Believing that breast is best is not enough to change Ireland’s position as the country with one of the lowest breastfeeding rates in the world. Neither is blaming women who abandon the breast for the bottle.
But, if you, like me, breastfed your babies and feel strongly about the physical and psychological health benefits for mother and baby, please read on. If you're still angry or sad about pressure on you to breastfeed amid the myriad of other pressures of having a new baby, read on too. Because a new book, Breastfeeding Uncovered by Dr Amy Brown, is the first book in a long time which seriously examines why breastfeeding has become such a battle between women who do and women who don't.
Guilt and blame
"We need to shift the conversation away from guilt and blame; it is not individual mothers' responsibility to tackle an entrenched public health issue," says Brown, an associate professor at the department of public health at Swansea University. Although she is speaking about the low breastfeeding rates in the UK, her remarks fit perfectly here too.
We must ask ourselves why the annual National Breastfeeding Week held every year in early October (breastfeeding.ie) has virtually no impact on breastfeeding rates in Ireland.
For starters, just consider one factor that women can't control which is that Ireland is one of the top producers of baby formula in the world and recently became the second-biggest exporter of infant formula to China.
So next time, take a close look at those advertisements for follow-on milk which by law are not allowed to discourage women from breastfeeding.

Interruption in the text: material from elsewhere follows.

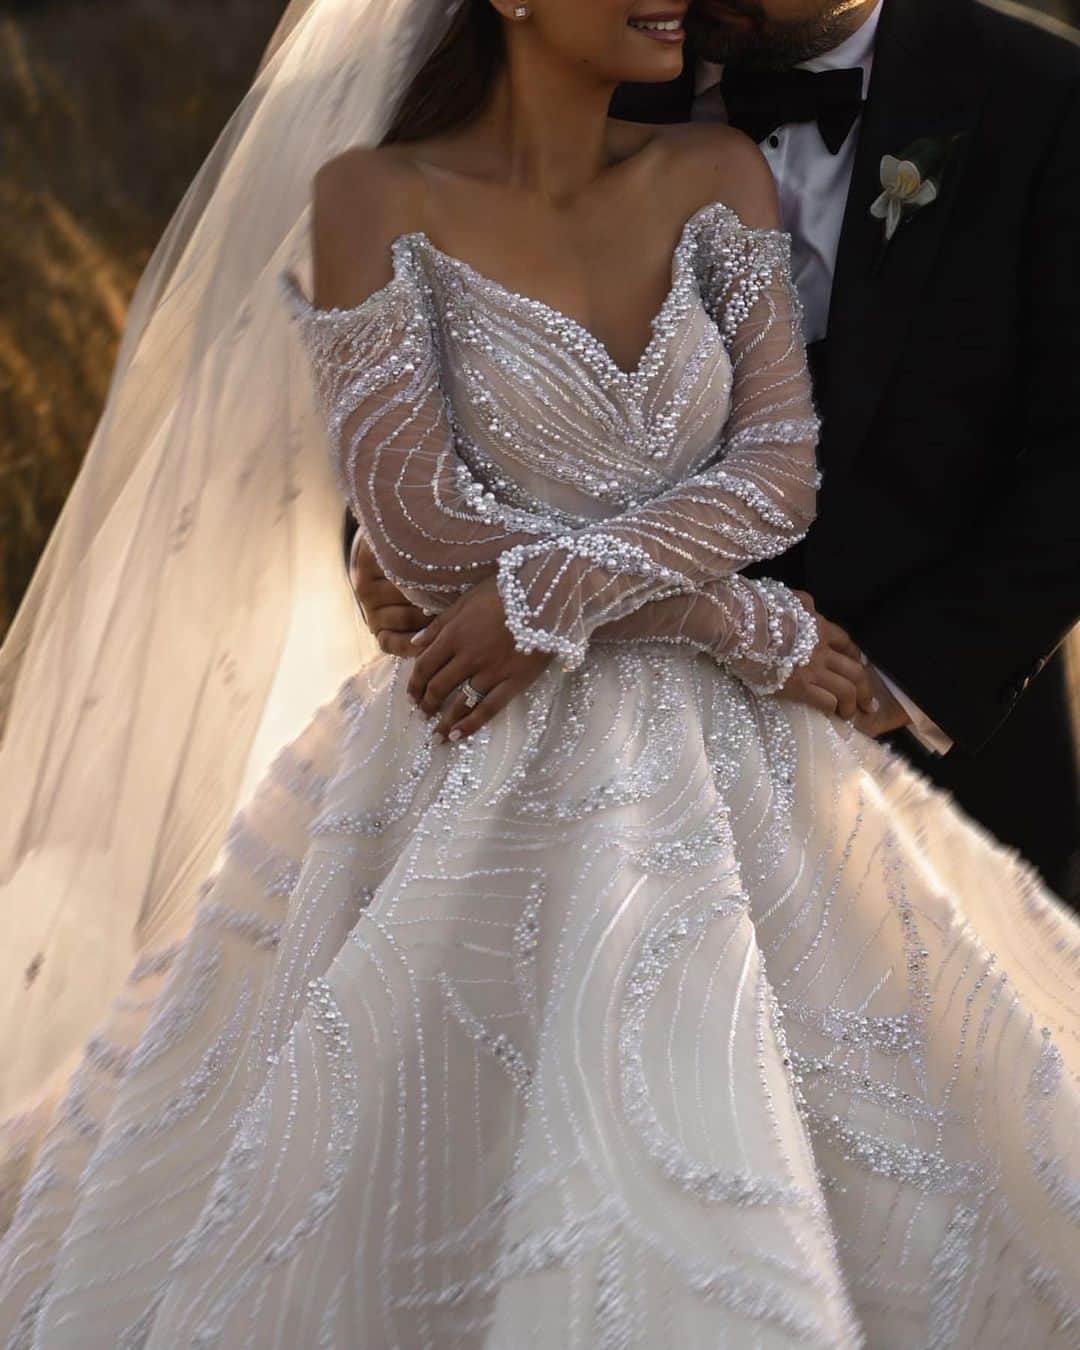 Steven Khalilのインスタグラム：「A mesmerising display of intricate hand beading, our extraordinary bride Juliana looked absolutely breathtaking in her bespoke STEVEN KHALIL couture gown. Captured by @emiliobphotography ⠀⠀⠀⠀⠀⠀⠀⠀⠀ #stevenkhalil #stevenkhalilbride #weddinggown #bridal」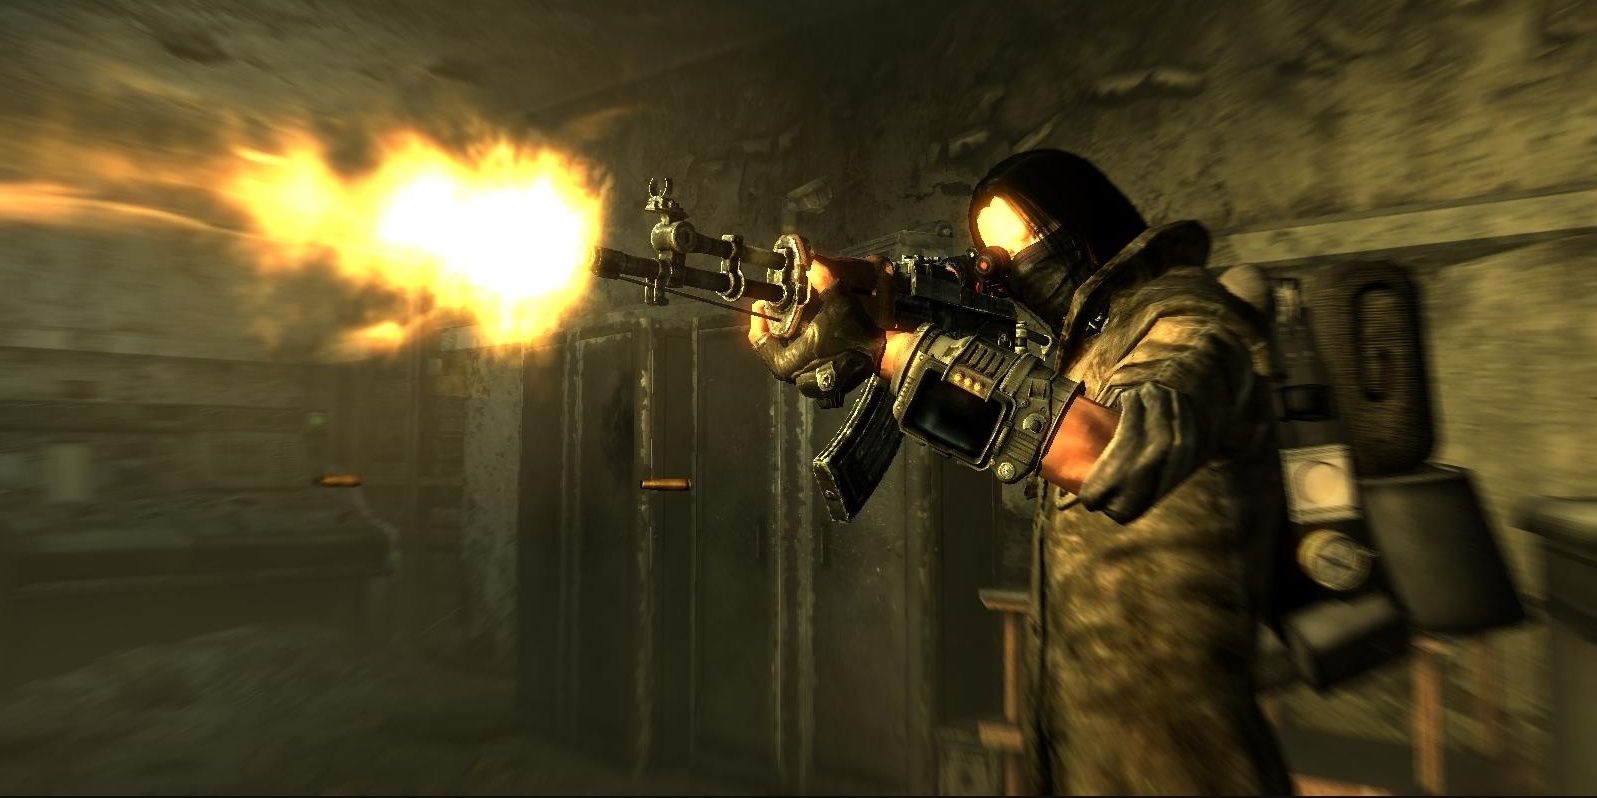 A look at a new shooting pose in the Fallout 3 Reanimated Mod

In Breastfeeding Uncovered, Brown writes, "we shouldn't be fighting against an industry that is actively trying to dissuade women from breastfeeding. We shouldn't need to argue with each other or write newspaper articles debating it. We shouldn't feel the desperate need to justify how we fed our baby."
Breast is normal
Rather than seeing breast as best, Brown argues that breast is normal. “It’s what your body is normally designed to do,” she says. So, breastfeeding doesn’t reduce the chances of a baby becoming obese; it’s formula feeding that increases the chances of childhood obesity. Brown says we should be talking about the risk of formula feeding and not the benefits of breastfeeding.
Brown became pregnant with her first child when starting her PhD in 2005, which turned her focus from healthy diets for older children to infant feeding.
The book is not about how to breastfeed (she doesn’t believe she should tell mothers to breastfeed) but how to dismantle the barriers to breastfeeding. “Decisions about how babies are fed might ultimately be down to what a new mum chooses, but the layers and layers of influence on her are immense,” she says.
Society’s obsession with how much babies sleep and eat play a huge part in all of this, especially when you consider that many breastfed babies sleep less and put on weight more slowly than formula-fed babies. And remember, there’s a generation of women who are now grandmothers who were weaned onto the wonders of infant formula to help their babies sleep better and put on weight more easily. For many of these women, a good baby was one who was quiet and slept a lot and had a routine rather than one who was active, alert and unpredictable. “Even if many of these women want to help their daughters breastfeed, they don’t know how,” says Brown.
Breastfeeding Uncovered is the result of 12 years of research and teaching about the complexities of breastfeeding decisions and how mothers can best be supported. Although it's full of studies on how breastfed babies and breastfeeding mothers are healthier, she reminds us that no one wants bottle-fed babies or their mothers to be unhealthy either.
Finally, it’s a book that is quirky and polemical in a way you need when you’re exhausted and confused about all those mixed messages about getting your figure back after having a baby and doing the best thing for your baby.
If there is one word that has to be repeated again and again when it comes to breastfeeding, it’s support. A new mother needs lots of support – from as many people as possible. That can range from someone helping mind older children to cooking meals to washing clothes to cleaning the house. All these jobs are tiring when you’ve just had a baby and even more tiring when you’re breastfeeding that baby.
In Africa, there's a saying that it takes a village to rear a child. "I've lots of students from Africa where new mothers are cared for for six weeks after birth by other women. New mothers are often so isolated here. We have to value our new mothers more. If we value motherhood and breastfeeding more, women will find it far easier to breastfeed," says Brown.
Essentially, what all this adds up to is the need for a culture that normalises and nurtures breastfeeding. Are we ready? If so, that means:
- No sniggering or staring when a new mother breastfeeds her baby in a cafe.
- No negative comments from older mothers/grandmothers about how breastfeeding is not worth the trouble and wouldn’t it be nice if someone else could feed the baby too. Remember, there are plenty of other things to do with a newborn baby like bathing or changing nappies.
- No stories about extremely painful nipples and mastitis when a new mother is already struggling with the demands of a suckling baby during a growth spurt.
- No jealousy from dads and other siblings of the time spent with the new baby.
- No advertisements for baby formula but advertisements for breastfeeding instead.
Well, that last one might be the trickiest to tackle.